Однако Хамиду, хитрая лиса, сидевший рядом с Аддой, то и дело склонял к нему свою чалму и снабжал каждый бейт надоедливым комментарием: «Это она сочинила. Клянусь тебе, этот бейт она сама сочинила». Или пуще того, издавал крик изумления, чтобы привлечь внимание к себе, а потом шептал Адде на ухо: «Это она только что сымпровизировала», и подкреплял свою клятву новым криком. Адда отодвинулся от него, поближе в круг, задумав посостязаться в стихосложении.

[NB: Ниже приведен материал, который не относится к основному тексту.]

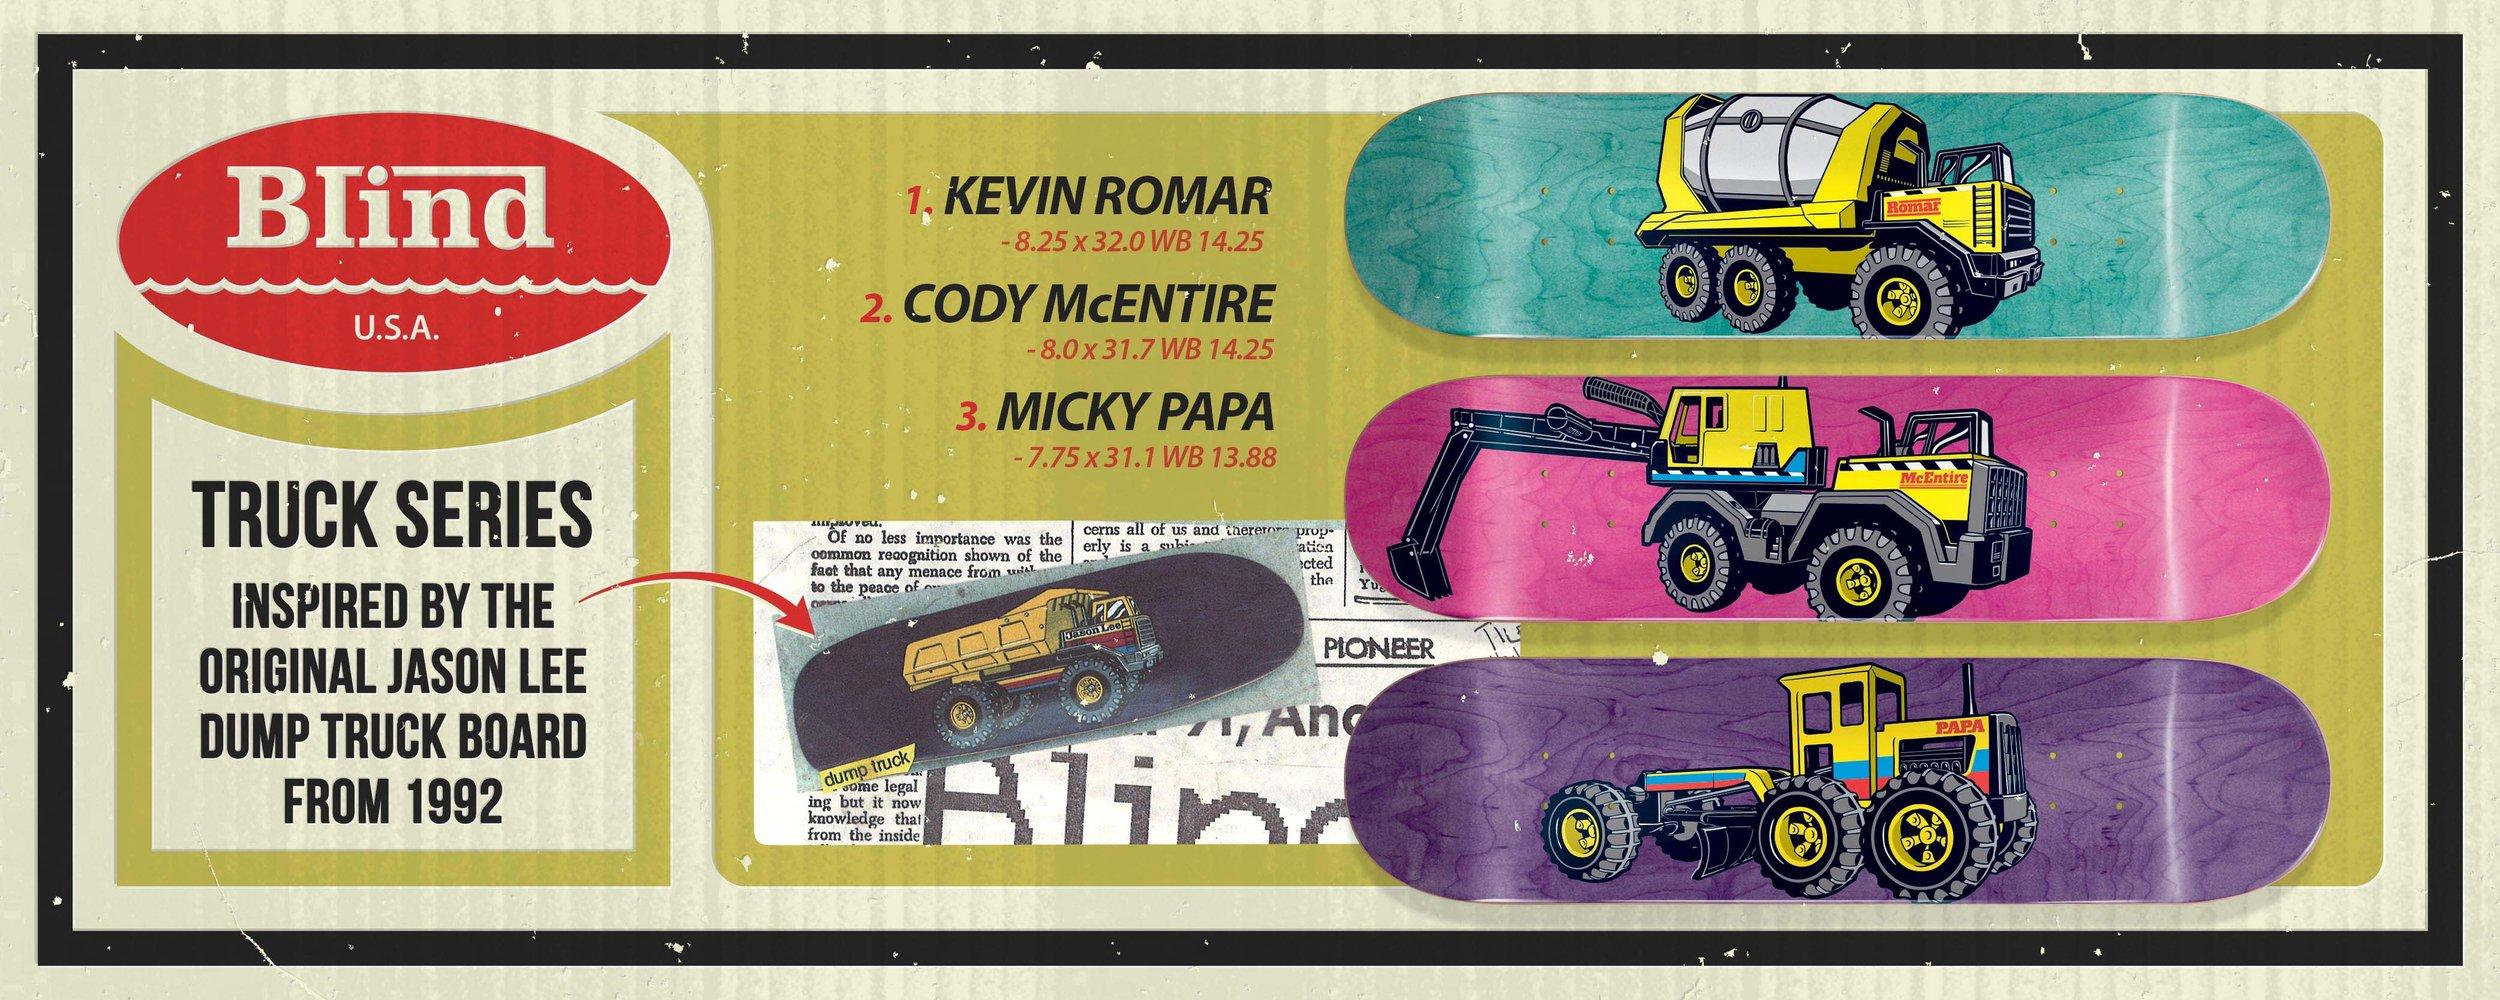 Truck_Series_1500x600.jpg

Молодежь расступилась, давая ему возможность принять непосредственное участие. В глазах Танад загорелось любопытство, сверкнула озорная искра. Во взглядах сверстников он прочел насмешку и предсказание полного провала. Красавица также уронила скрытую улыбку, правда, вполне доброжелательную. За спиной Хамиду издал свой сдавленный смешок. Дурак!
— С чего начнем? — с приветливой улыбкой проговорила она. — С поэзии рыцарства и драки или с мелодий Сахары и терпеливой любви?

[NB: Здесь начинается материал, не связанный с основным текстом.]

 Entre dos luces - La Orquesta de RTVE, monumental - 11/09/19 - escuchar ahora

За этим вопросом последовал легкий смех, и она игриво ущипнула струну, звуки которой задели в его груди тоску былых поколений.
— А у бравого всадника разве есть право выбора в присутствии прекрасной девы? — проговорил уклончиво Адда, на что сверстники ответили одобрением.
Она начала с двух неизвестных набожных бейтов, потом присоединила к ним популярный третий, так что все составили небольшое единое стихотворение, наполнившееся суфийским содержанием: об ожерелье, которым рок сдавил шею пустынника, — одиночестве. И чтобы придать своей коварной касыде больший вес и трогательную перспективу и глубину, сообщить ей некое соответствие принципам поэзии пустыни, девушка снабдила ее мелодичными звуками амзада и речитативом «хали-хали», так что сымпровизировала в итоге целую песню.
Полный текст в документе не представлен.